The 37th Airlift Squadron is a United States Air Force unit assigned to the 86th Airlift Wing at Ramstein Air Base, Germany. It operates Lockheed C-130J Super Hercules aircraft providing European intra-theater airlift.

==Mission==
Conducts C-130J Super Hercules tactical airlift, airdrop and aeromedical evacuation operations primarily in Europe and Africa.

==History==
===World War II===
Activated in June 1942 under I Troop Carrier Command at Patterson Field, Ohio. Trained at various stationed in the southeast and Texas with Douglas C-47 Skytrain transports. Deployed to Egypt in November 1942 as part of President Roosevelt's decision to aid the Royal Air Force Western Desert Air Force, assigned to the newly established Ninth Air Force, headquartered in Cairo.

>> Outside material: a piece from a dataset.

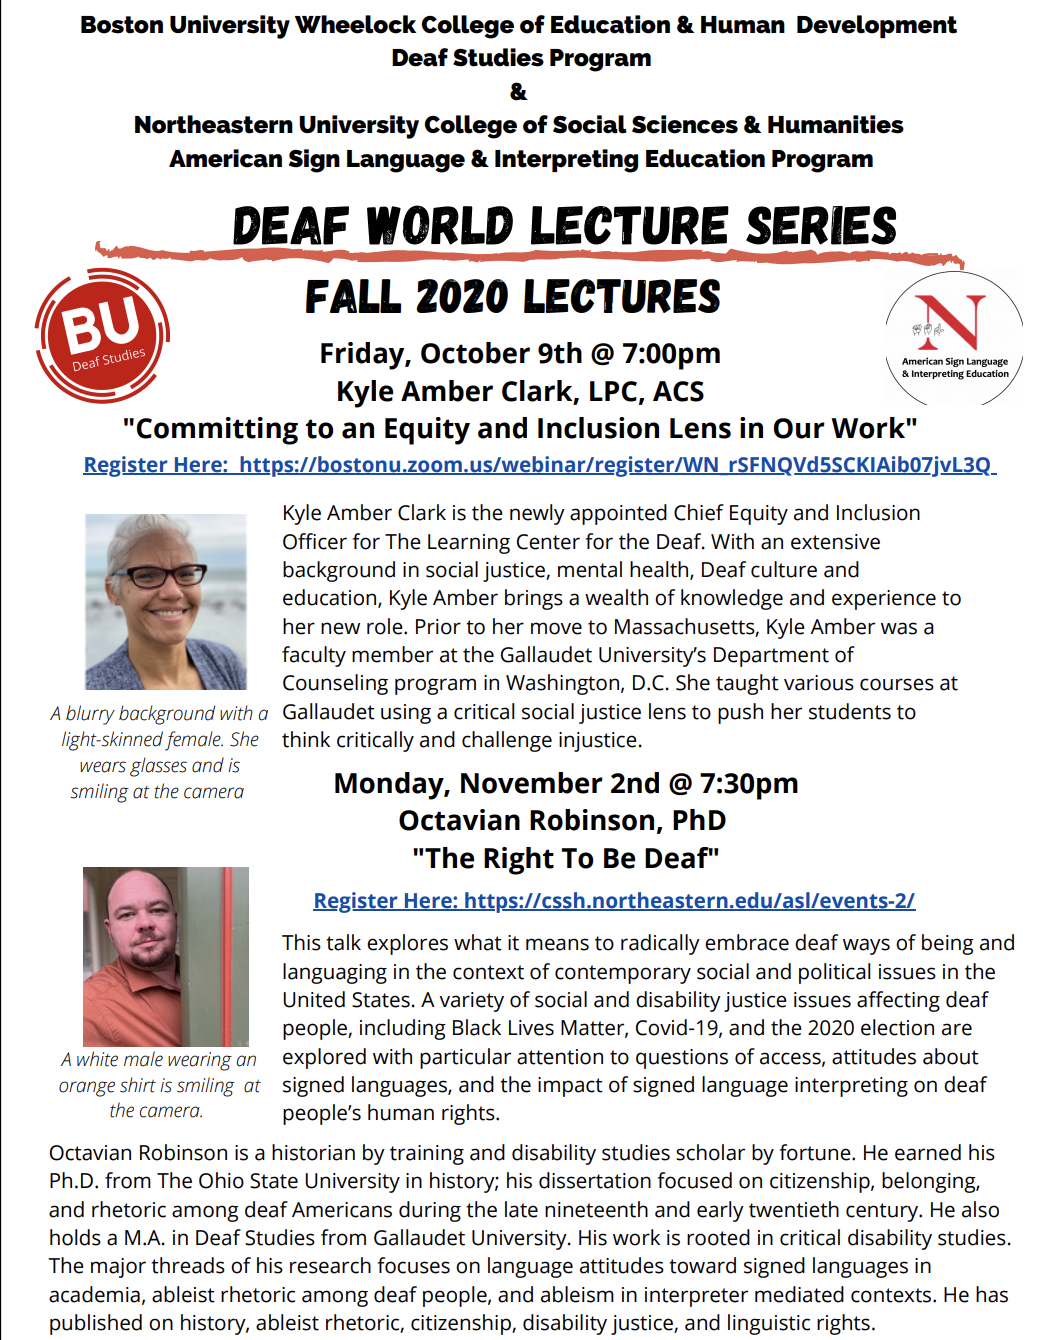 Flyer for upcoming Deaf World Lecture Events

Transported supplies and evacuated casualties in support of the British Eighth Army, operating from desert airfields in Egypt and Libya. Reassigned in May 1943 to the USAAF Twelfth Air Force in Algeria, supporting Fifth Army forces in the Tunisian Campaign. Began training for the invasion of Sicily; dropped paratroops over the assault area on the night of 9 July. Carried reinforcements to Sicily on 11 July and received a DUC for carrying out that mission although severely attacked by ground and naval forces; dropped paratroops over the beachhead south of the Sele River on the night of 14 September 1943. Remained in the Mediterranean Theater of Operations until February 1944 until being reassigned back to Ninth Air Force in England, IX Troop Carrier Command to participate in the buildup of forces prior to the Allied landings in France during D-Day in June 1944.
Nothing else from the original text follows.